The film demonstrates its shallow moral arithmetic in other ways as well. For instance, we’re supposed to look down on Reed’s band as drooling rapists – as opposed to the dark and brooding variety that Reed represents. This allows us to not feel terribly sympathetic as they’re picked off, and relieves Reed of any complicity in their deaths as, unlike the boss, these guys’re unaware their hostage is the wife of a powerful man and not simply some lowly schoolmarm. (We’re also never clear exactly how many men are in the outlaw band. They die at an alarming rate, but their numbers don’t seem to dwindle correspondingly.)

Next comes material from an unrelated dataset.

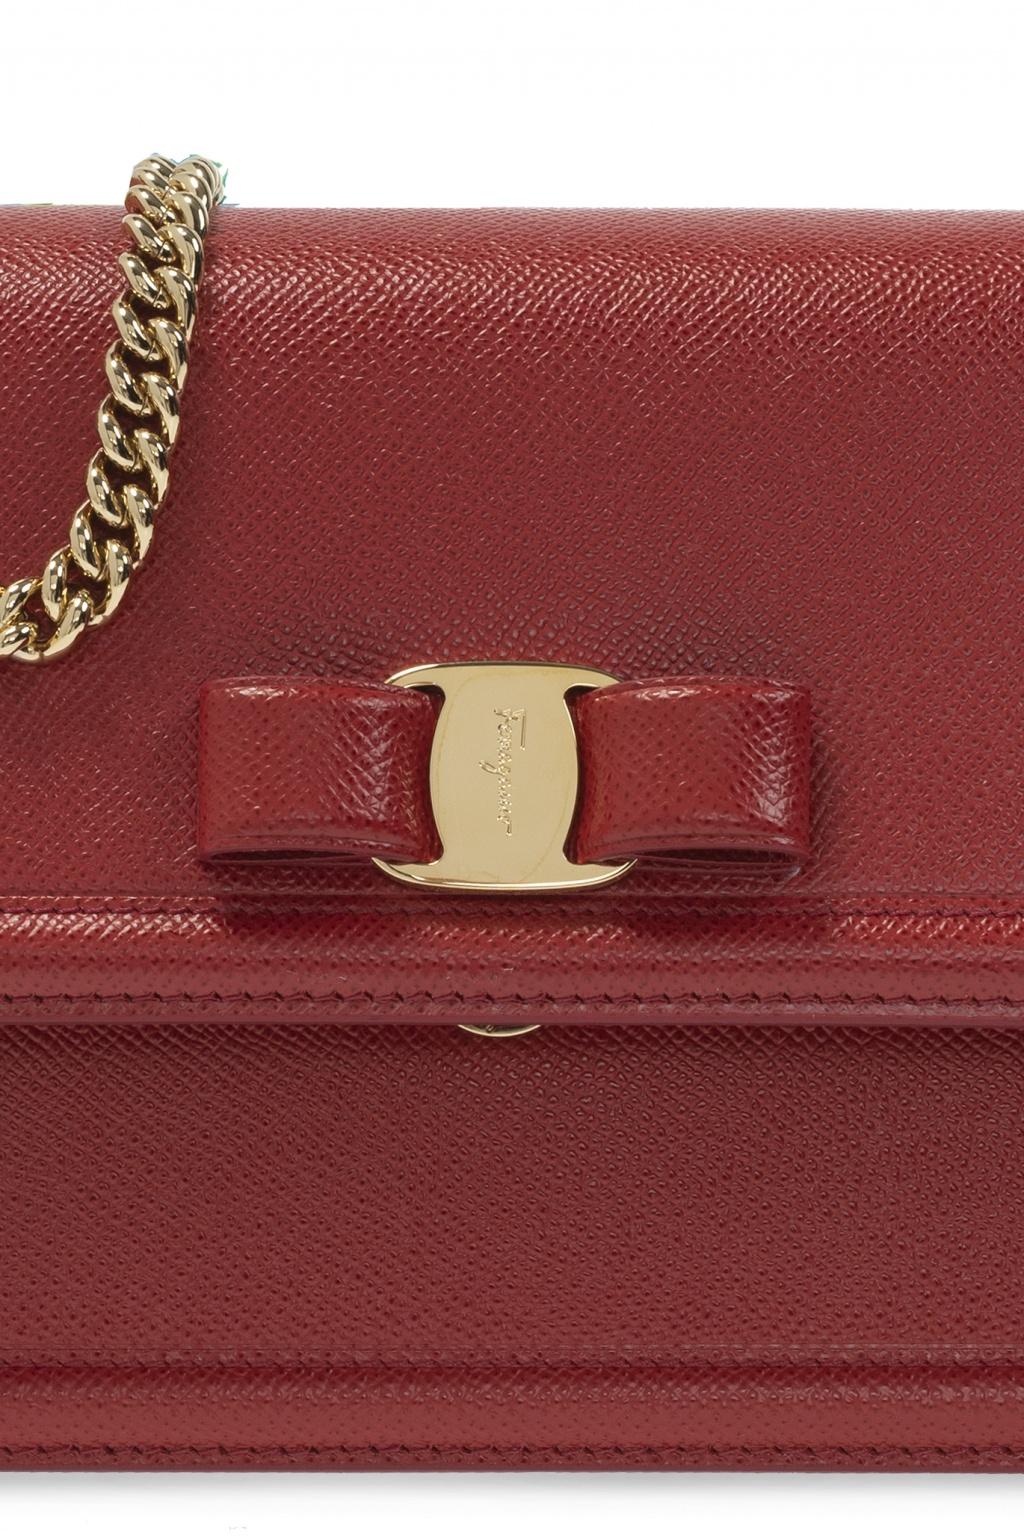 Salvatore Ferragamo 'Ginny' shoulder bag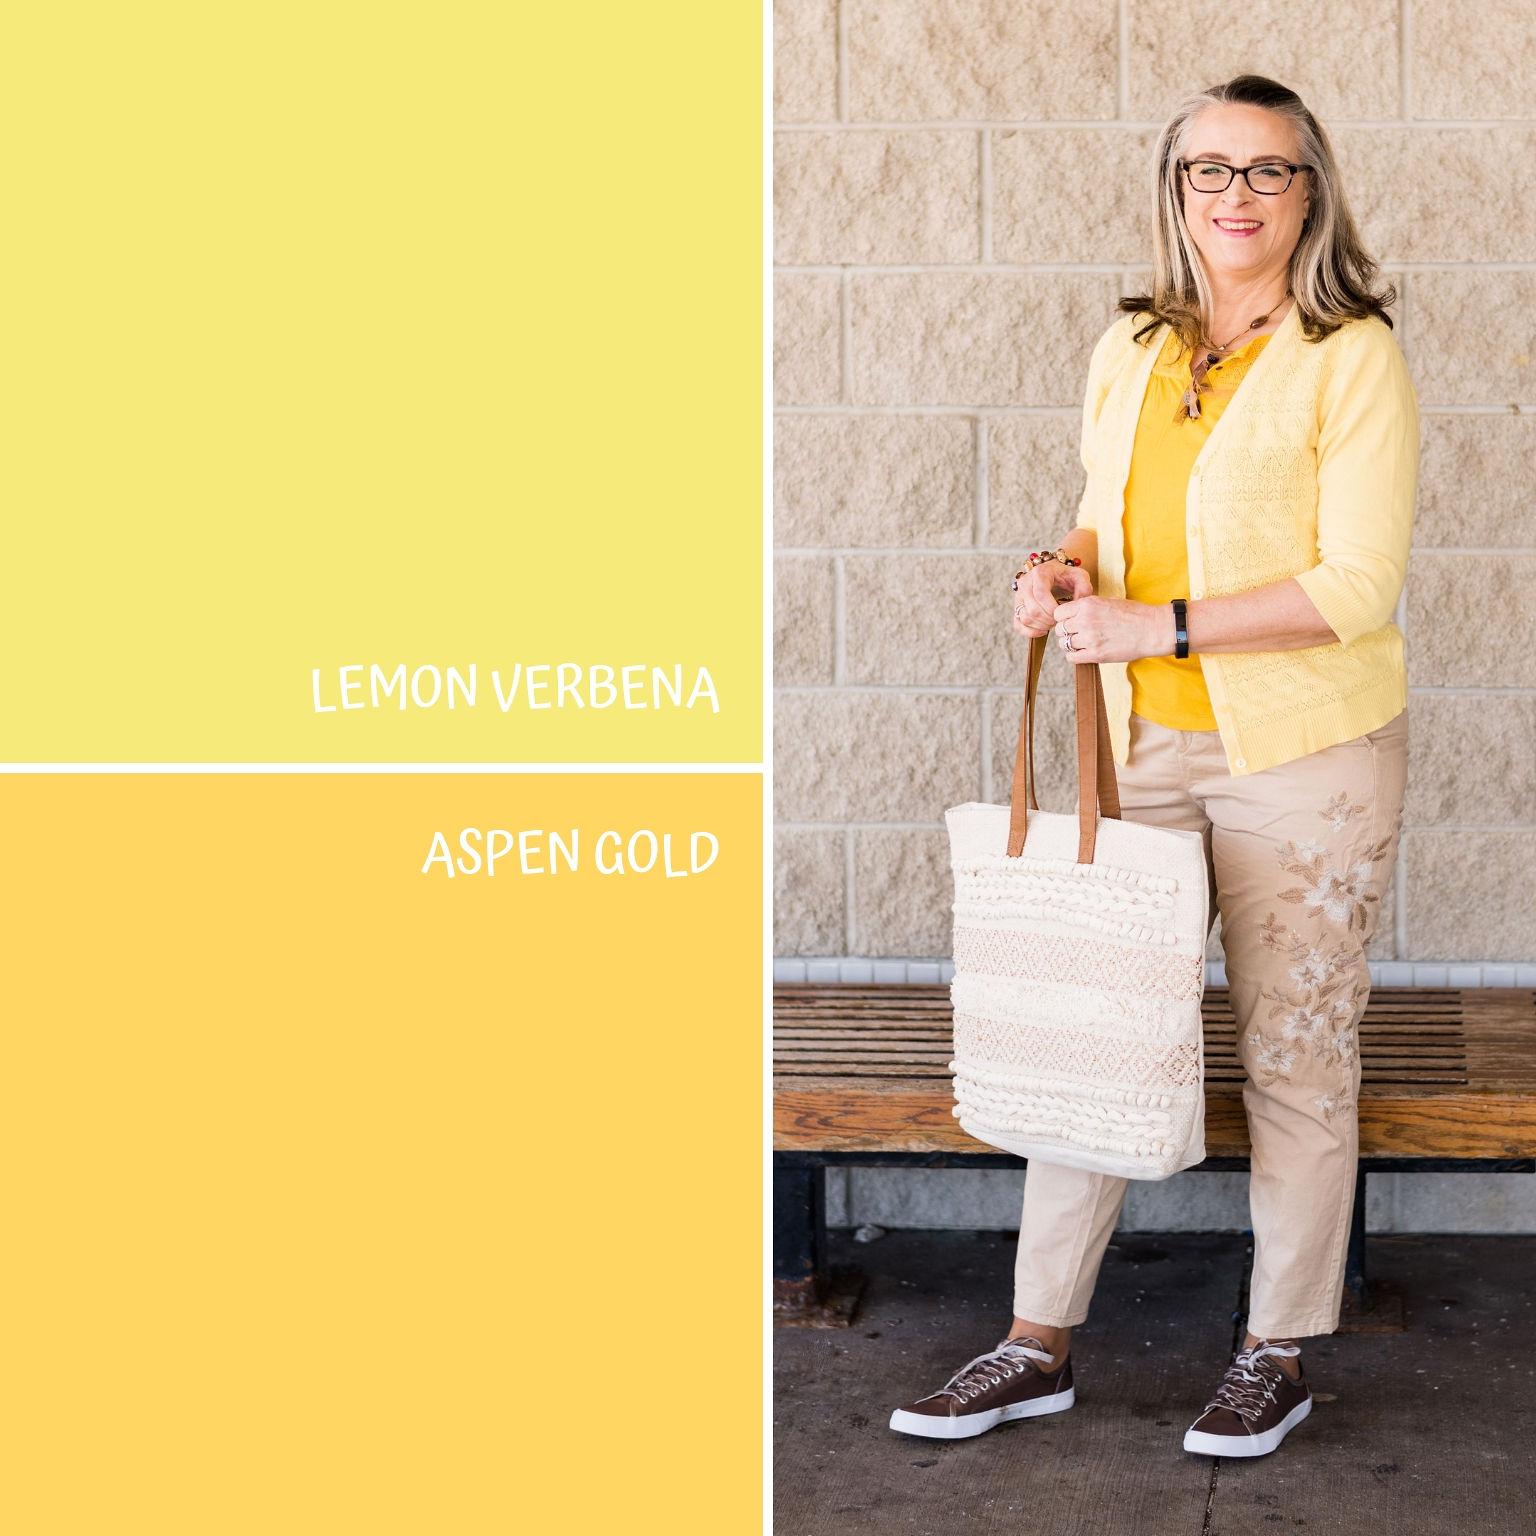 Pantone Spring/Summer - 2019 - Lemon Verbena & Aspen Gold

Reed is his usual compelling presence, but his accent doesn’t work, even though it sounds like he may have re-recorded it. He’s effectively brutish, but out of place all the same. Hackman is fierce, perhaps one-note, but not sure others are really available for a character so repellant. There are good turns among the title band, including Simon Oakland as the voice of reason and a subtle turn by Ronald Howard – TV’s Sherlock Holmes.
THE HUNTING PARTY has some solidly compelling and original scenes of Western action. These taut passages hold up well today. Unfortunately, the curious and ugly notions at the heart of the story are too distracting to make this film easily recommendable, even if there is some deft acting employed to realize them.